PROBLEM DESCRIPTION
From the line that has "SP-131 Exit Verifier" down to the last line of the data below, set down every line exactly, but none of the pictures.

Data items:

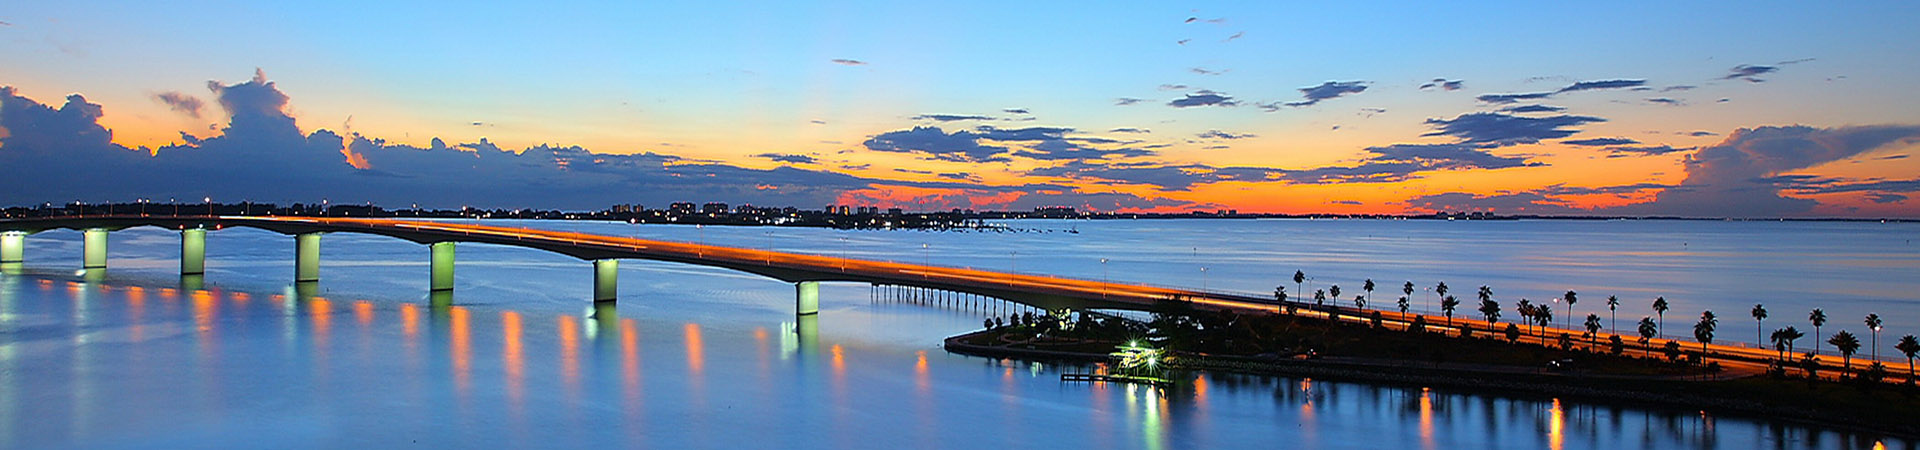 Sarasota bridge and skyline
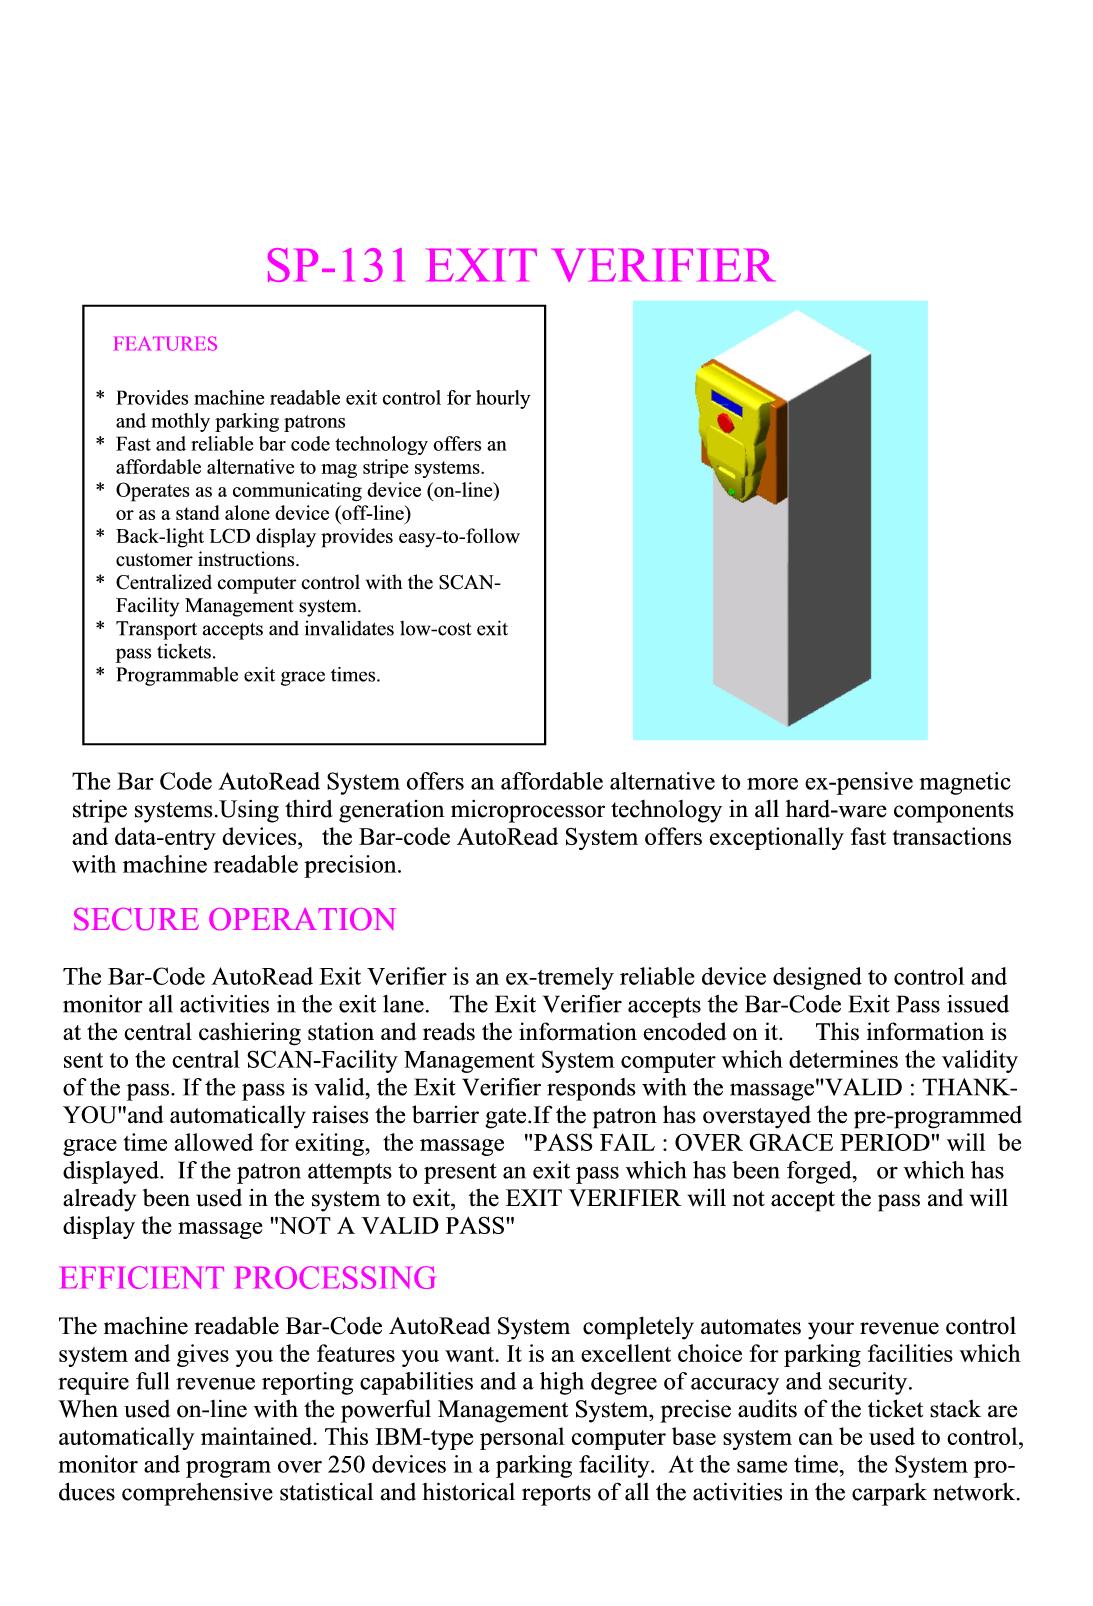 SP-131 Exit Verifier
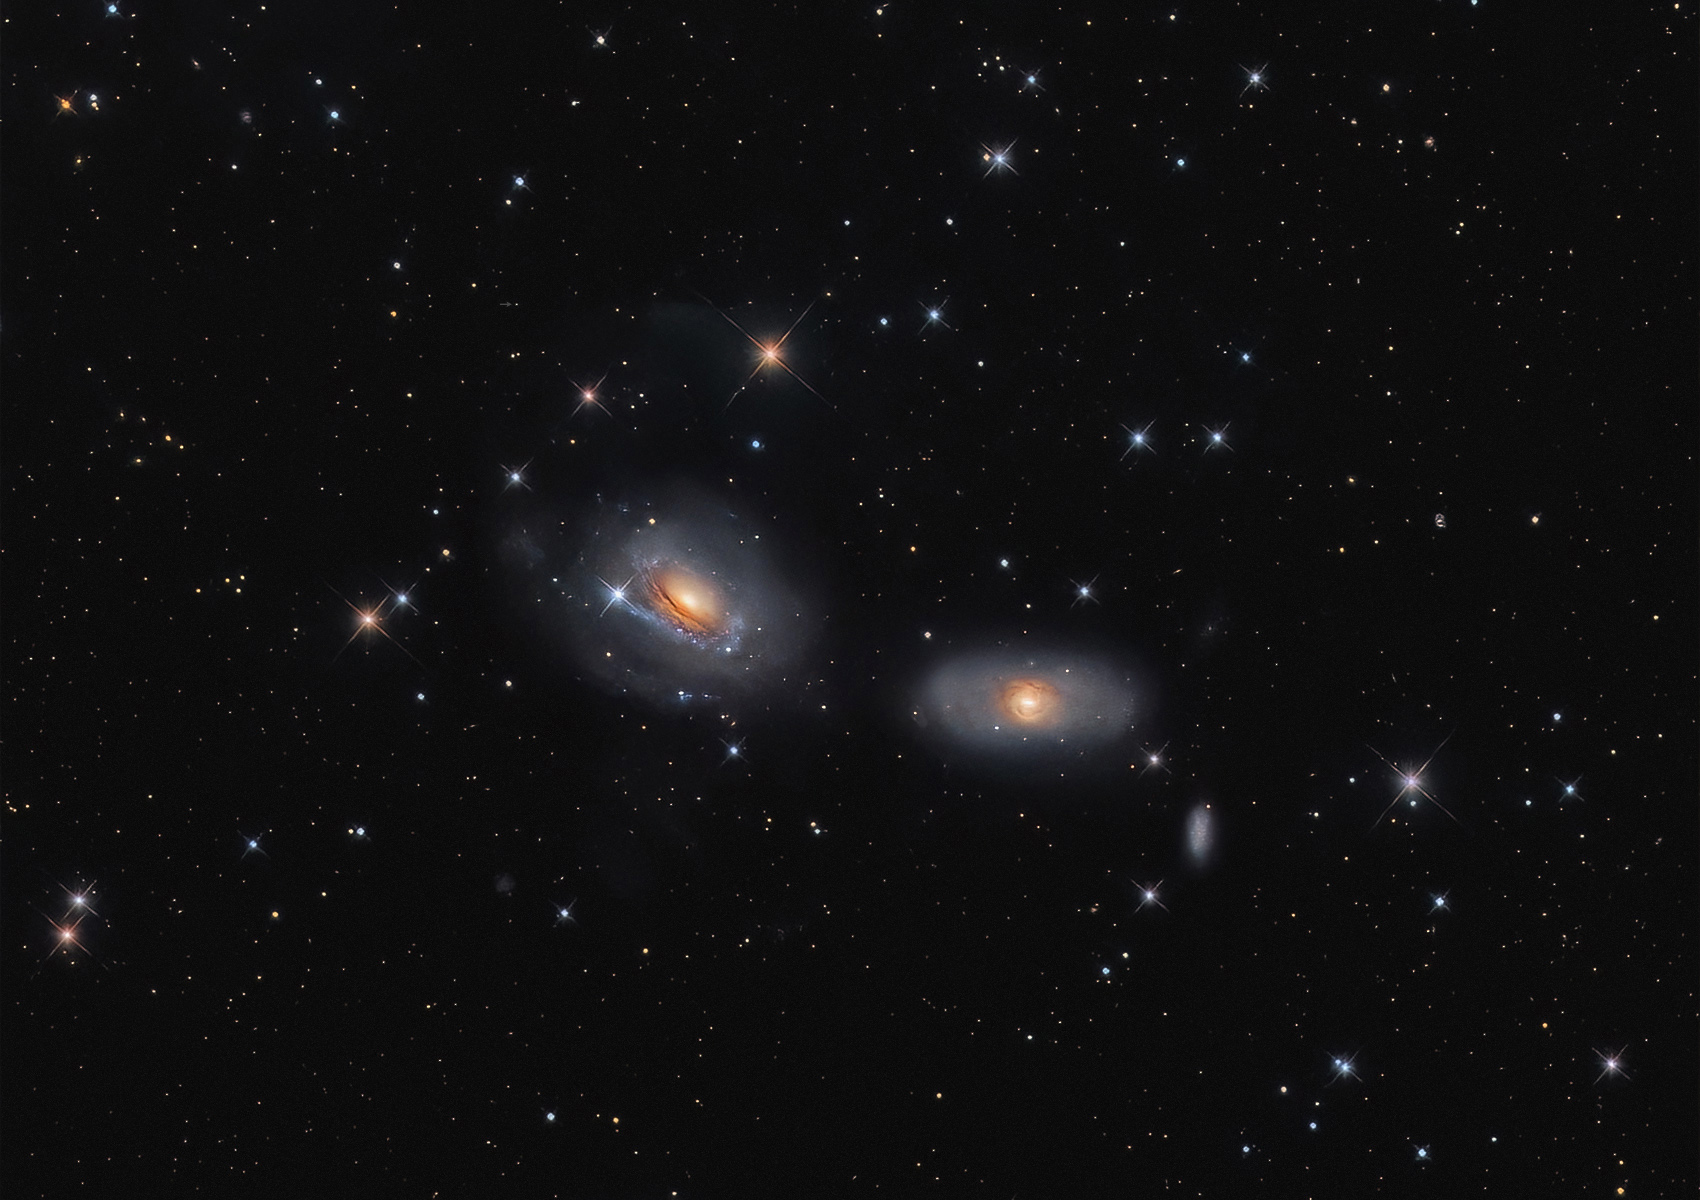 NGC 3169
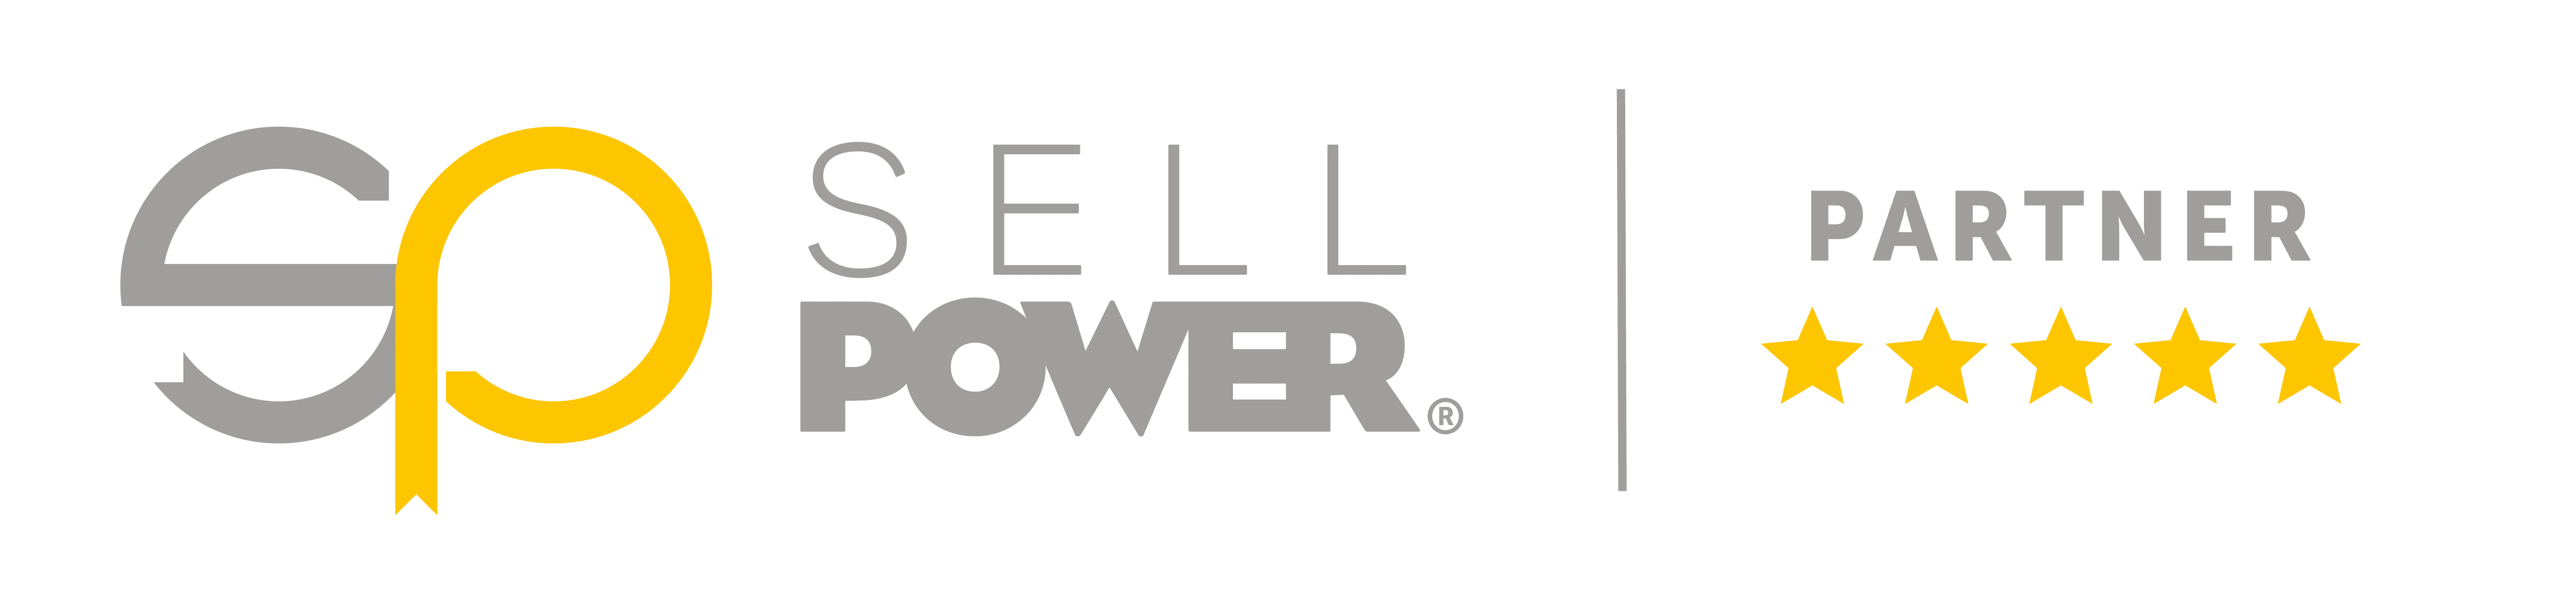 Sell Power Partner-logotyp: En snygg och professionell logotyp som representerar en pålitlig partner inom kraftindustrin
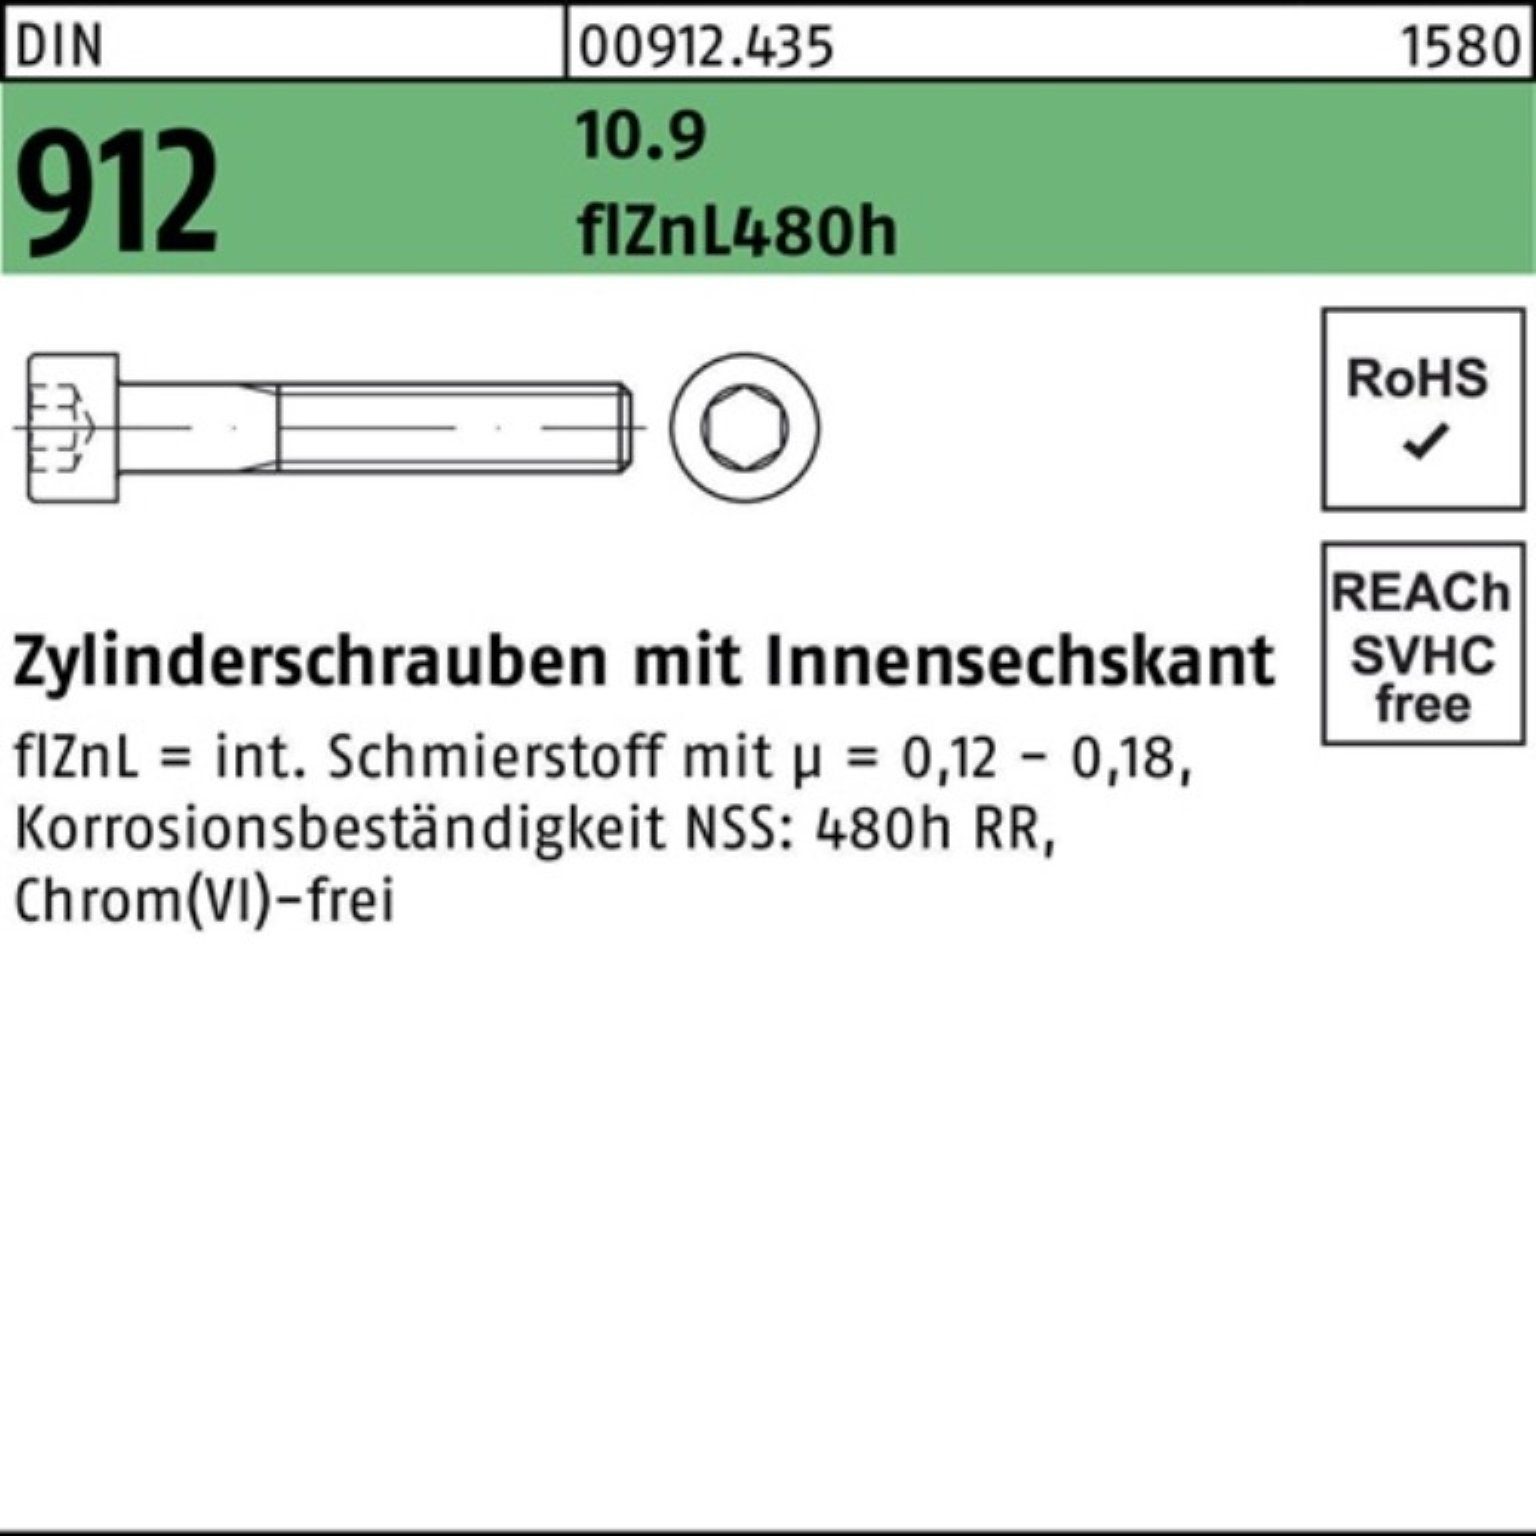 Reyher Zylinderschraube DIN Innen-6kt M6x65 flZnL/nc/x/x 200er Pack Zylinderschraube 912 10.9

OUTPUT OF THE EXERCISE
 SP-131 Exit Verifier
 NGC 3169
 Sell Power Partner-logotyp: En snygg och professionell logotyp som representerar en pålitlig partner inom kraftindustrin
 Reyher Zylinderschraube DIN Innen-6kt M6x65 flZnL/nc/x/x 200er Pack Zylinderschraube 912 10.9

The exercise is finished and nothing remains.